A practical guide to mutation testing with Pest

Hey fellow Laravel devs! Let's talk about something that can seriously boost the way we test our code: mutation testing. We all want clean, robust code, and we put in a lot of effort to write tests. How sure are we that our tests are actually catching everything? I mean, we've all seen tests that pass but maybe aren't as thorough as we thought. That's where mutation testing comes in.

Mutation testing goes beyond code coverage to check the quality of our tests. It works by making small changes (mutations) to our code and then rerunning our tests to see if they fail. If a test still passes with a mutation, it means the test isn't really covering that specific part of the code. Think of it like a stress test for your tests. It’s not about finding bugs in your code directly, but about highlighting areas where your tests might be a bit weak. It helps us find blind spots and make our tests more robust and reliable.

We all know that 100% code coverage doesn't guarantee perfect tests. You might have lines of code that are run by tests, but that doesn't mean you're testing every case. Mutation testing ensures that our tests are actually checking the right things. This is super important for larger projects. By using this method, we can make sure that our tests are doing their job and that they're ready to catch any issues we might accidentally introduce in the future.

So, let's dive in and see how we can use mutation testing to write better, more reliable tests!

What is mutation testing?

Mutation testing is a cool technique that helps us evaluate how effective our test suites are by introducing small, deliberate changes to our codebase. These changes, called mutations, are like mini-simulations of common coding errors or edge cases. The idea is that if our tests are well-written, they should detect these mutations and fail.

When we do mutation testing, the testing tool will:

Introduce mutations: The tool automatically makes small changes in the code, such as modifying return values, altering method calls, or changing method arguments.
Rerun tests: After each mutation, the test suite is re-executed.
Analyze results: If a test fails after a mutation, it means the test has "caught" the change, which is good. If a test passes even with the mutation, it shows a weakness in our test suite.

It's important to remember that mutation testing isn't about finding bugs in our application code. It's about finding gaps in our test suite. It helps us identify areas where our tests might not be thorough enough.

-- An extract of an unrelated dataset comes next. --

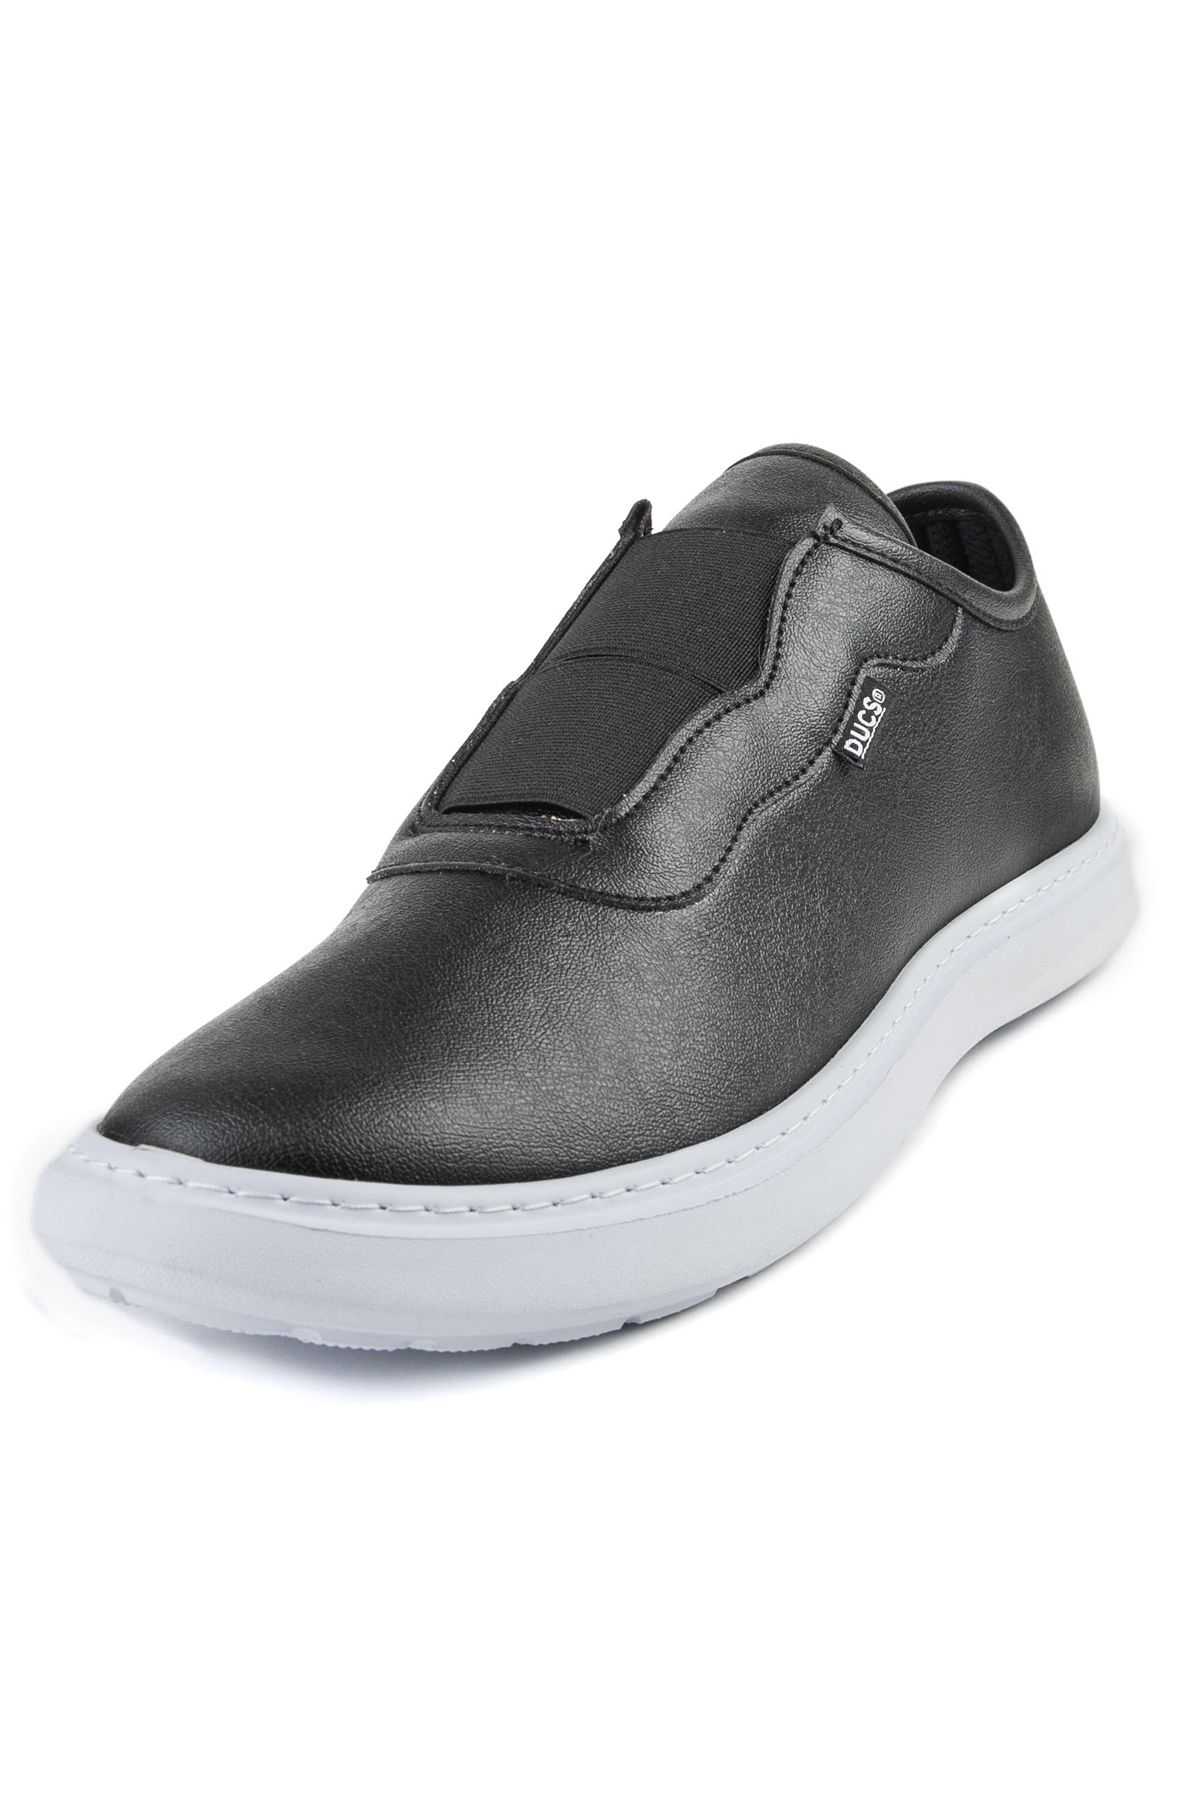 DUCS Ultra Hafif Sneaker Rahat Loafer Ayakkabı Esnek Yürüyüş Ayakkabısı Unisex Casual Ayakkabı Siyah Bt

Why should we care about mutation testing?

The scenario: shipping cost calculation with a hidden flaw

Imagine a function to calculate shipping costs based on order weight and premium membership status. The logic is:

Base cost: Shipping starts at $10.00.
Weight surcharge: For every kilogram over 5kg, an additional $2.50 is added.
Premium discount: Premium members receive a 10% discount. This discount should only apply if the order weight is greater than 2kg to prevent abuse on very light, already cheap shipments.

Here's the PHP code with a tiny, but significant, bug:

declare(strict_types=1);
 
function calculateShippingCost(float $weightInKilograms, bool $isPremiumMember): float
{
    $shippingCost = 10.00; // Base shipping cost
 
    if ($weightInKilograms > 5) {
        $shippingCost += ($weightInKilograms - 5) * 2.50; // Additional cost per kg over 5kg
    }
 
    // Premium members get a discount, but only if weight is over 2kg
    if ($isPremiumMember && $weightInKilograms >= 2) { // Subtle bug: Should be > 2, not >= 2 for discount to apply correctly
        $shippingCost *= 0.90; // 10% discount for premium members
    }
 
    return $shippingCost;
}

The "invisible issue": a sneaky off-by-one error

The bug is in the premium discount condition: if ($weightInKilograms >= 2). It should be if ($weightInKilograms > 2). This >= operator means orders weighing exactly 2kg get the discount, which might be unintended. It's a subtle edge case, easy to overlook.

Pest test suite (initial, potentially flawed tests)

Let's create a Pest test suite that, while seemingly covering the function, might miss this subtle bug.

use function calculateShippingCost;
 
it('calculates base shipping cost for light orders', function () {
    expect(calculateShippingCost(1, false))->toBe(10.00);
    expect(calculateShippingCost(4.9, false))->toBe(10.00);
});
 
it('adds weight surcharge for heavier orders', function () {
    expect(calculateShippingCost(6, false))->toBe(12.50); // 10 + (1 * 2.50)
    expect(calculateShippingCost(10, false))->toBe(22.50); // 10 + (5 * 2.50)
});
 
it('applies premium discount for members on orders over 2kg', function () {
    expect(calculateShippingCost(2.1, true))->toBe(9.00); // 12.50 * 0.90
    expect(calculateShippingCost(6, true))->toBe(11.25); // 12.50 * 0.90
});
 
it('does not apply premium discount for members on very light orders', function () {
    expect(calculateShippingCost(1.9, true))->toBe(10.00); // No discount
    expect(calculateShippingCost(0.5, true))->toBe(10.00); // No discount
});
 
it('handles zero weight', function () {
    expect(calculateShippingCost(0, false))->toBe(10.00);
    expect(calculateShippingCost(0, true))->toBe(10.00); // No discount on zero weight
});

Why standard tests might miss the issue:

Notice that the test suite includes cases for:

Base shipping cost.
Weight surcharge.
Premium discount for orders over 2kg.
No premium discount for very light orders (under 2kg).
Zero weight orders.

However, it lacks a specific test case for an order weighing exactly 2kg for a premium member. The test suite makes assumptions about "over 2kg" but doesn't explicitly check the boundary condition at 2kg. Therefore, these tests will all pass even with the bug (>= 2 instead of > 2).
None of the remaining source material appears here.